スマホで領収書を撮影するだけで、日付・金額・店名が自動で読み取られます。
OCR精度は約92%と高い水準ですが、「勘定科目の判定」と「摘要欄の記入」は手動で行う必要がありました。
ここにChatGPTを組み合わせます。
OCRで読み取ったデータをChatGPTに渡し、「この支出の勘定科目は何ですか?」「摘要欄に記入すべき内容を提案してください」と指示すれば、AIが自社の経費規程に沿った回答を返してくれます。
たとえば「スターバックス 1,540円」という情報から、「会議費(社外打ち合わせ時の飲料代)」という勘定科目と摘要を自動生成できるのです。
他の組み合わせとの比較——なぜfreee+ChatGPTがベストか
マネーフォワード+ChatGPTも選択肢ですが、freeeはAPI連携の柔軟性が高く、Zapierを経由したChatGPT連携がスムーズです。
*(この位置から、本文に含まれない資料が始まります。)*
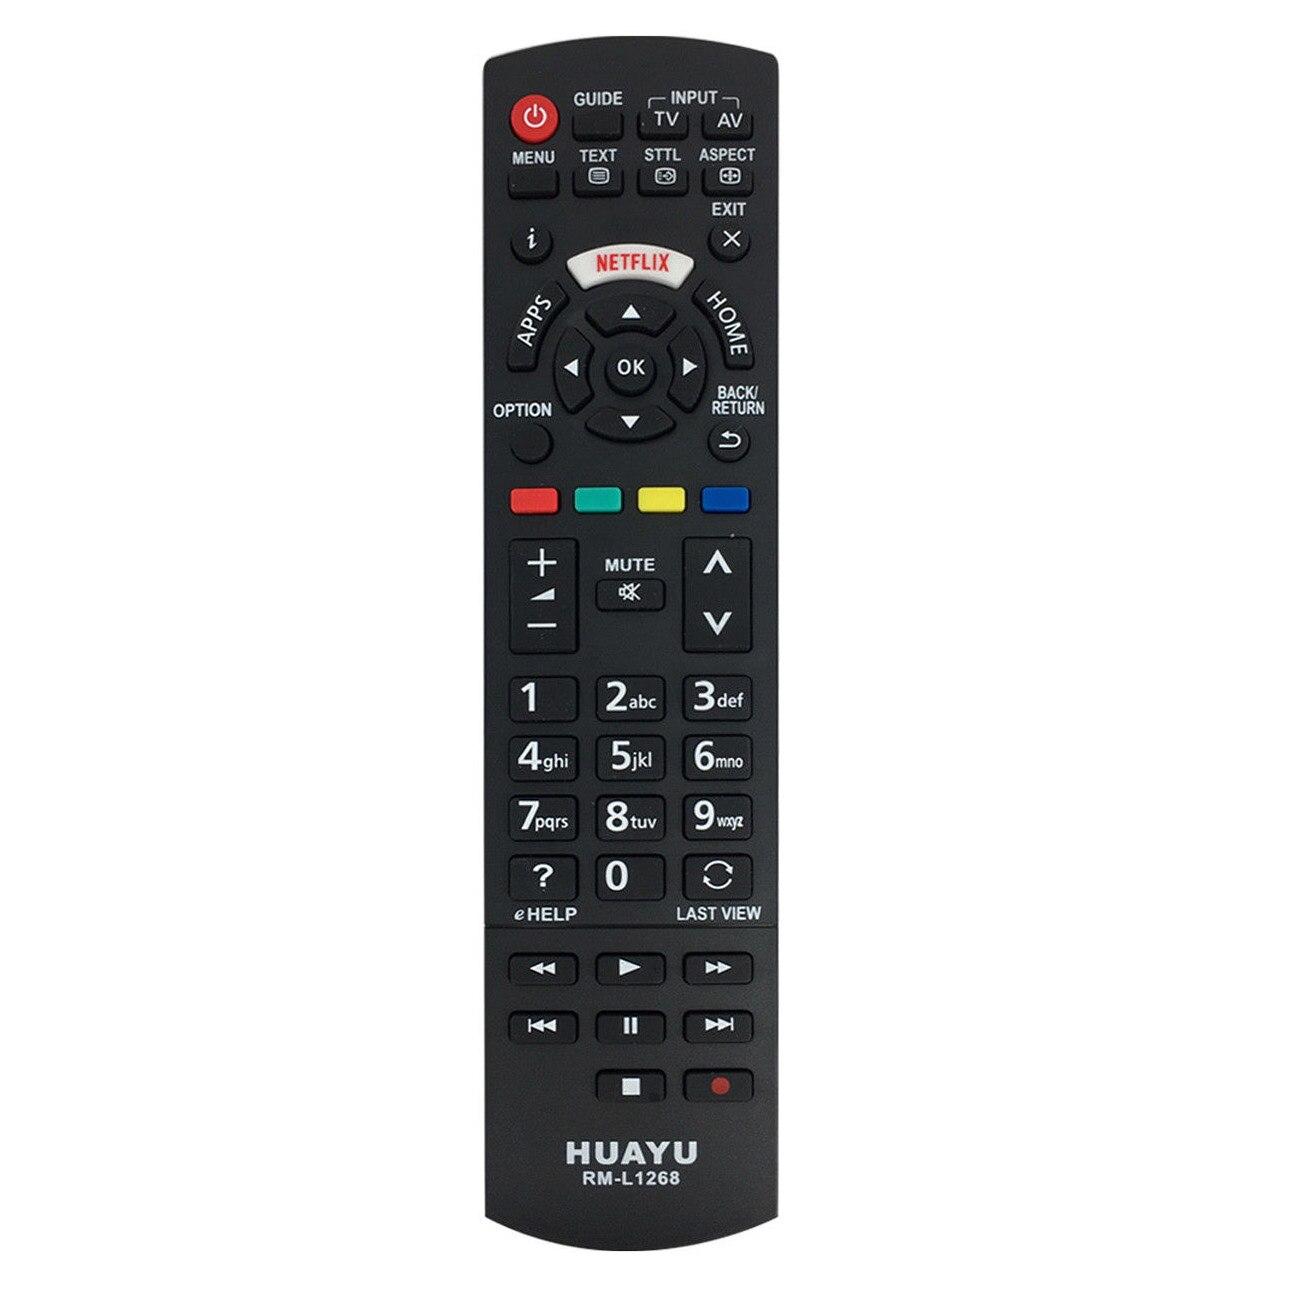 IG-HUAYU Rm-L1268 For Panasonic Tv With Netflix Buttons Remote Control N2Qayb001008 N2Qayb000926 N2Qayb001013

弥生会計は操作性に優れますが、クラウド連携の面でfreeeに後れを取っています。
コスト面では、freee スタンダードプラン(月額3,980円)+ChatGPT Plus(月額20ドル)で、月額約7,000円。
経費精算代行を外注する場合の月額2〜5万円と比較すれば、圧倒的にコストパフォーマンスが高い選択です。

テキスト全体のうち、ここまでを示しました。